Plano de fundo


Quero contar à parte de você que vive em mim o que fiz no dia do seu aniversário.

Não tivemos pressa de sair da cama, Ulisses e eu. Aproveitamos com folga a manhã de domingo, sentindo um a companhia do outro, saboreando o conforto de estarmos juntos. Quando a fome veio, passamos um café fresquinho, comemos qualquer coisa e voltamos pra cama. Deixamos um pouco da claridade entrar por uma fresta da cortina e, no silêncio de uma casa com crianças ainda dormindo, lemos nossos livros, fizemos planos para a semana que começa já. Quando as crianças acordaram, arrumamos uma coisa aqui, outra ali, e fomos juntos ao mercado. De volta pra casa, Ulisses fez nosso almoço. Comemos juntos, brindamos. Passei toda a tarde na cozinha fazendo bolos. Acho que você iria preferir o de laranja, é um palpite forte. No início da noite, fomos ao cinema. Voltamos pra casa falando que você faria 76 anos hoje. Amanda cantou parabéns. Arthur me deu um abraço. 

Tenho muito carinho pelo banal desse dia. Nada aparentemente grandioso, pequenos prazeres sem muito barulho. E, no entanto, é o melhor de mim. Minha bolha da qual eu tanto gostava de falar com você. Gosto do que vejo em primeiro plano, mas sei também do plano de fundo, sua mão. Em seu último aniversário, há seis anos, eu disse que trazia sua mão sempre segurando a minha. Ainda é assim. Então é banal, mas é tão bonito.

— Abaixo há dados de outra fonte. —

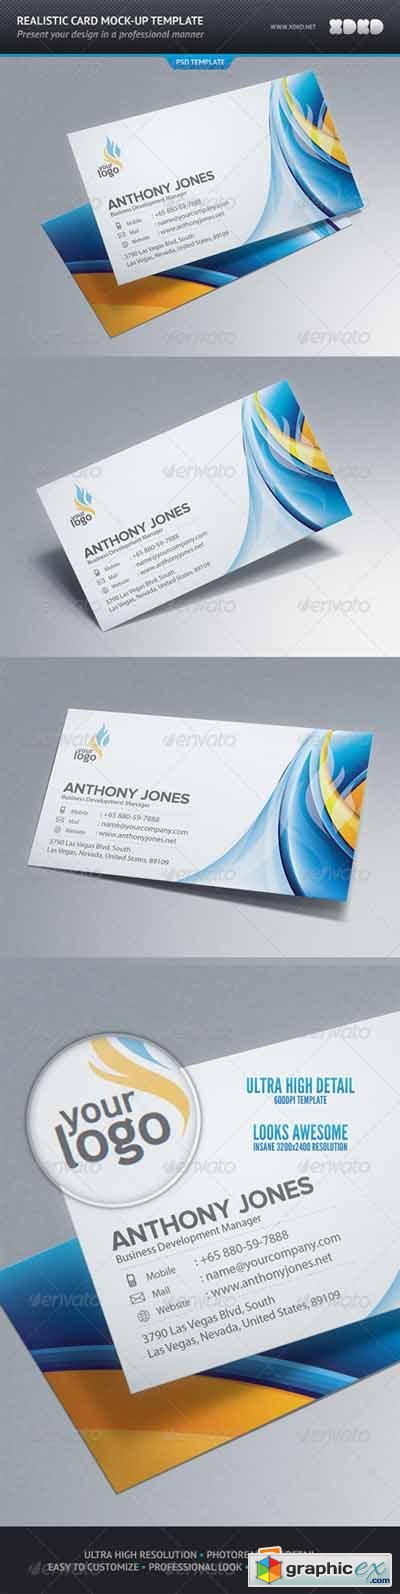 Photo-Realistic Business Card Mock-Up 549753

O dia 03 ainda é seu dia, todos os anos.
***

Há dias uma neblina paira sobre os morros que cercam meu bairro. De nosso quintal vemos uma nuvem estacionada sobre a mata, como algodão doce, contrastando com o fundo azul do céu. É um fenômeno meteorológico certamente comum; e tão bonito. 

8 comentários:

Luciana Nepomuceno disse...

o banal é o real da minha existência. às vezes sonho castelos, expedições e miragens, mas no fim do dia gosto mesmo é do entrelaçar dos dedos, o cheiro de comida no fogo e o ruído festeiro da rua chegando mansinho entre persianas.

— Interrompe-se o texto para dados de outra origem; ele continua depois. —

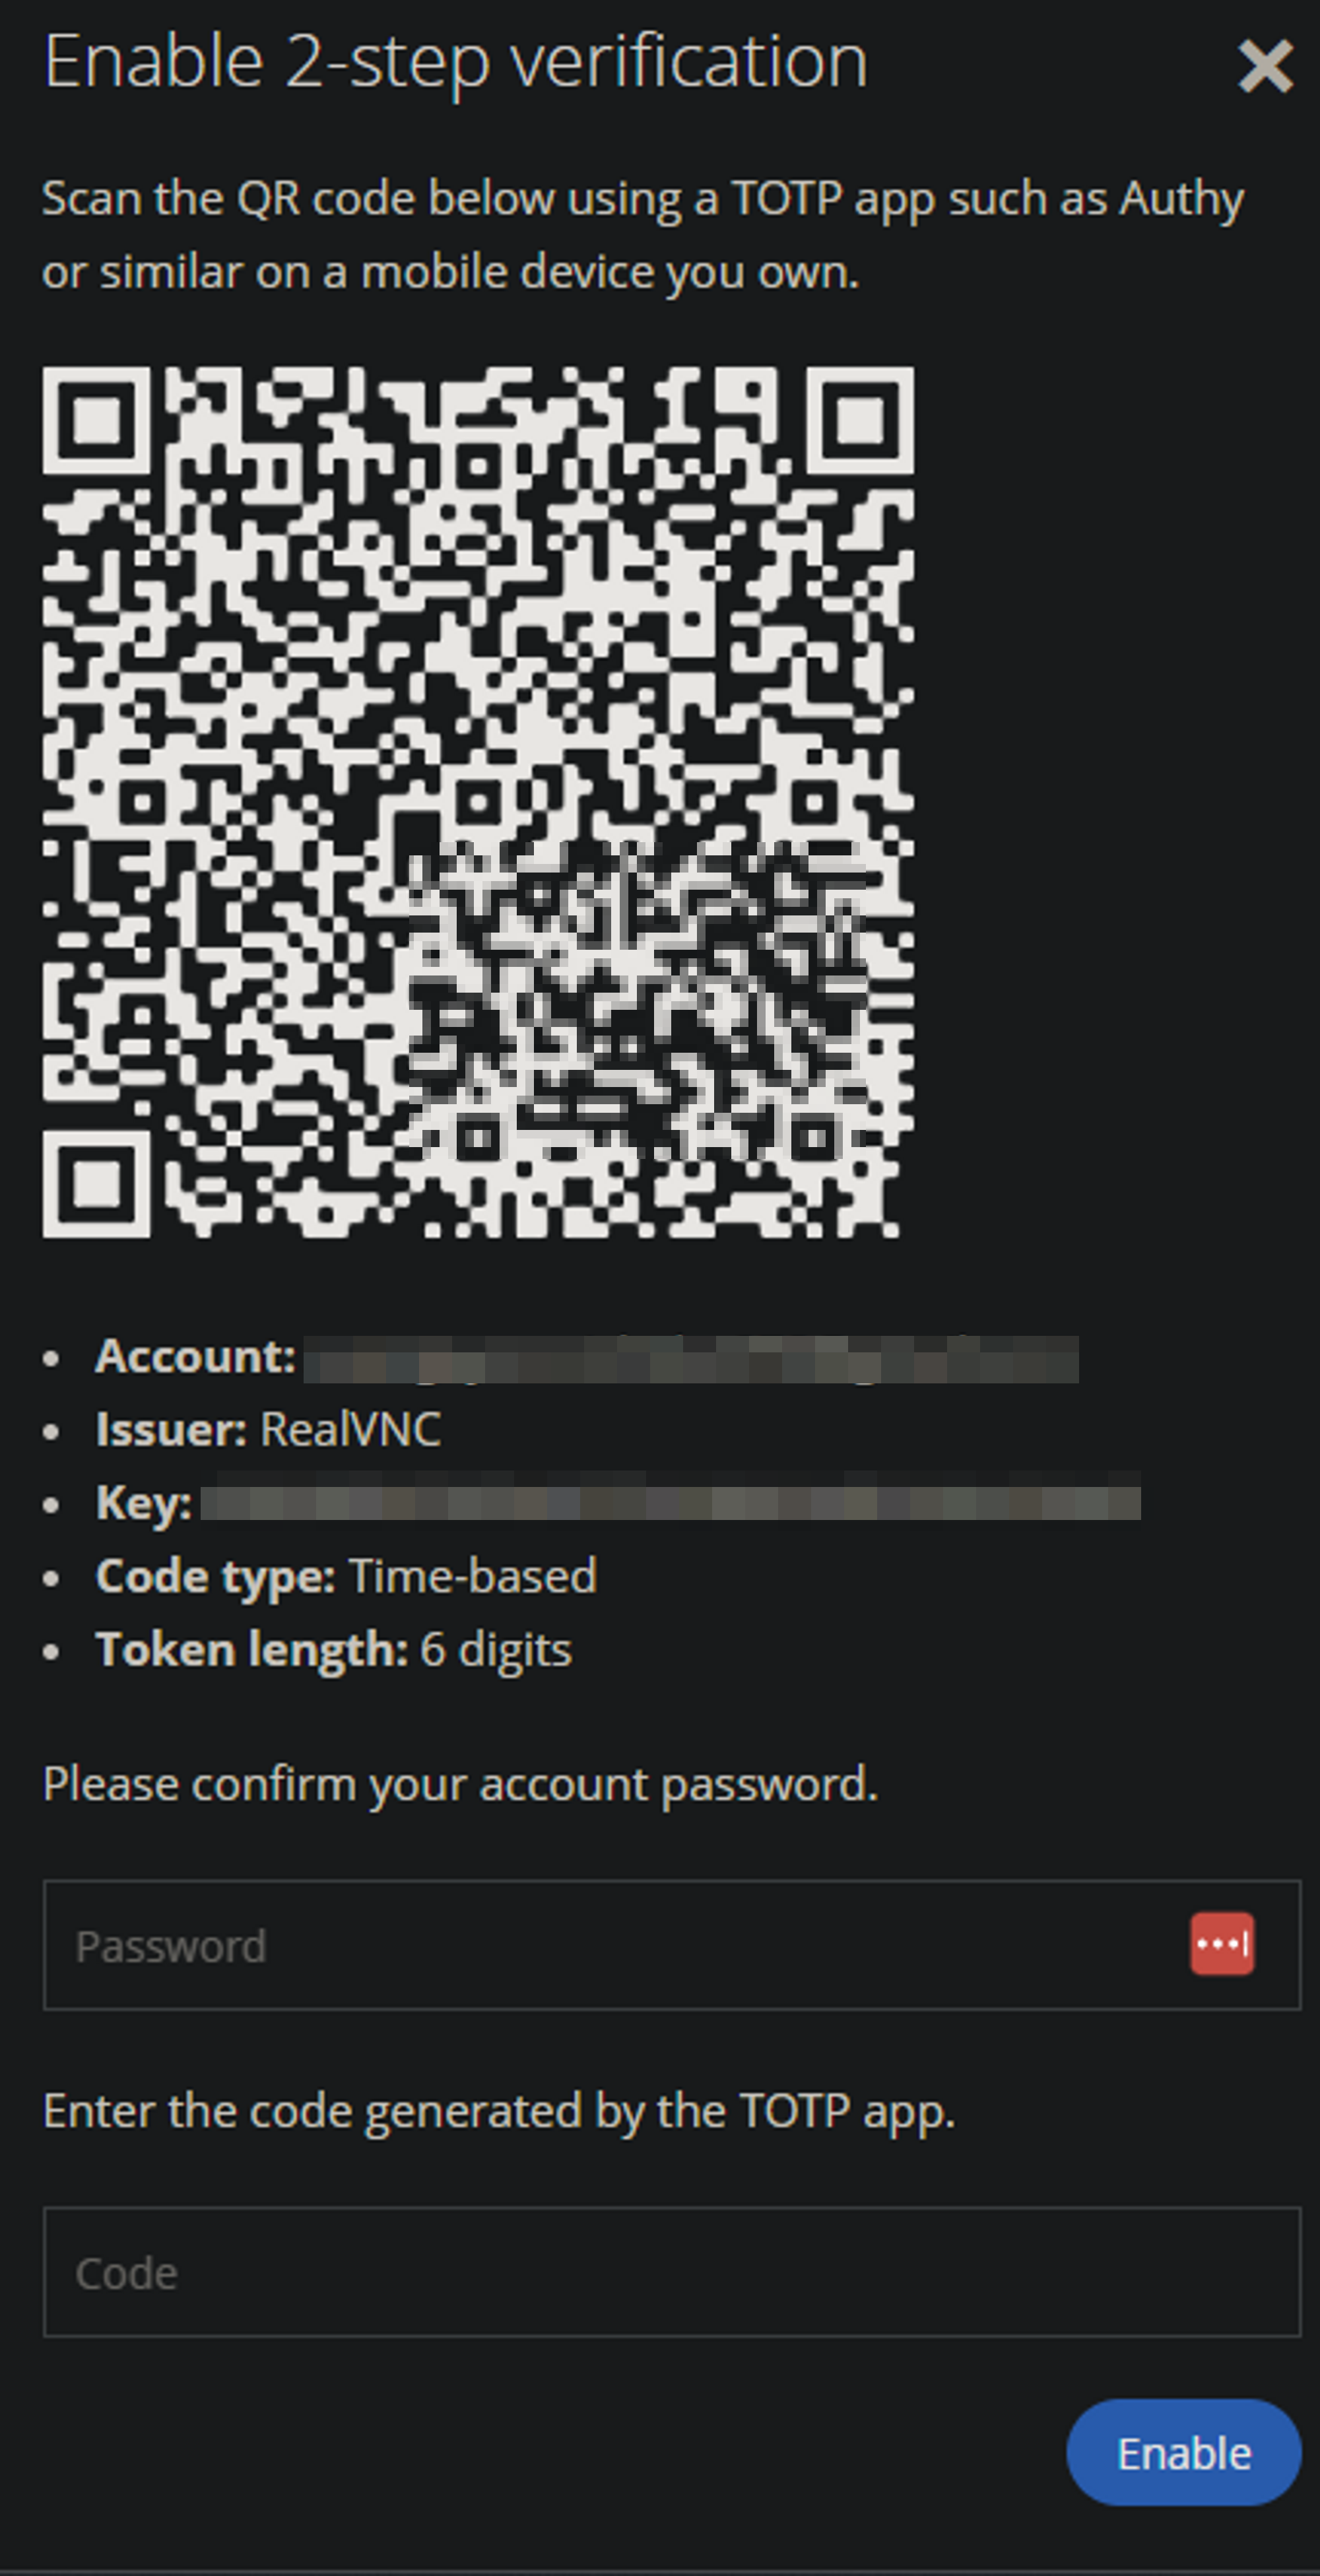 Viewing the QR code specific to a RealVNC account

já o seu banal é extraordinário, e que bom que você sabe e usufrui disto <3

TinaLopes disse...

Que lindo, Rita, e nada banal.

Renata Lins disse...

e nesse post descubro que sua mãe teria a idade da minha e choro do começo ao fim do post.
acendendo velas ao deus das pequenas coisas.
nada é banal quando dito com tanta delicadeza.
beijo grande, querida.

BethS disse...

tão lindo, rita...
e essas coisinhas miúdas e quase invisíveis, e nem um pouco banais, são o que fazem a vida valer a pena.
e você diz tudo com tanta beleza.
obrigada por compartilhar.
beijo enorme!

Anônimo disse...

Eu diria, essencial Rita! Linda homenagem...um carinhoso abraço. Hilda

Rita disse...

Obrigada pelo carinho, pessoas. (Recebo como um carinho a ela. Obrigada mesmo.)

Beijos

Val disse...

Lindo Rita! Tenho muito boas lembranças de sua mãe!

Marissa Rangel-Biddle disse...

"Quero contar à parte de você que vive em mim o que fiz no dia do seu aniversário."

Nao da para nao chorar.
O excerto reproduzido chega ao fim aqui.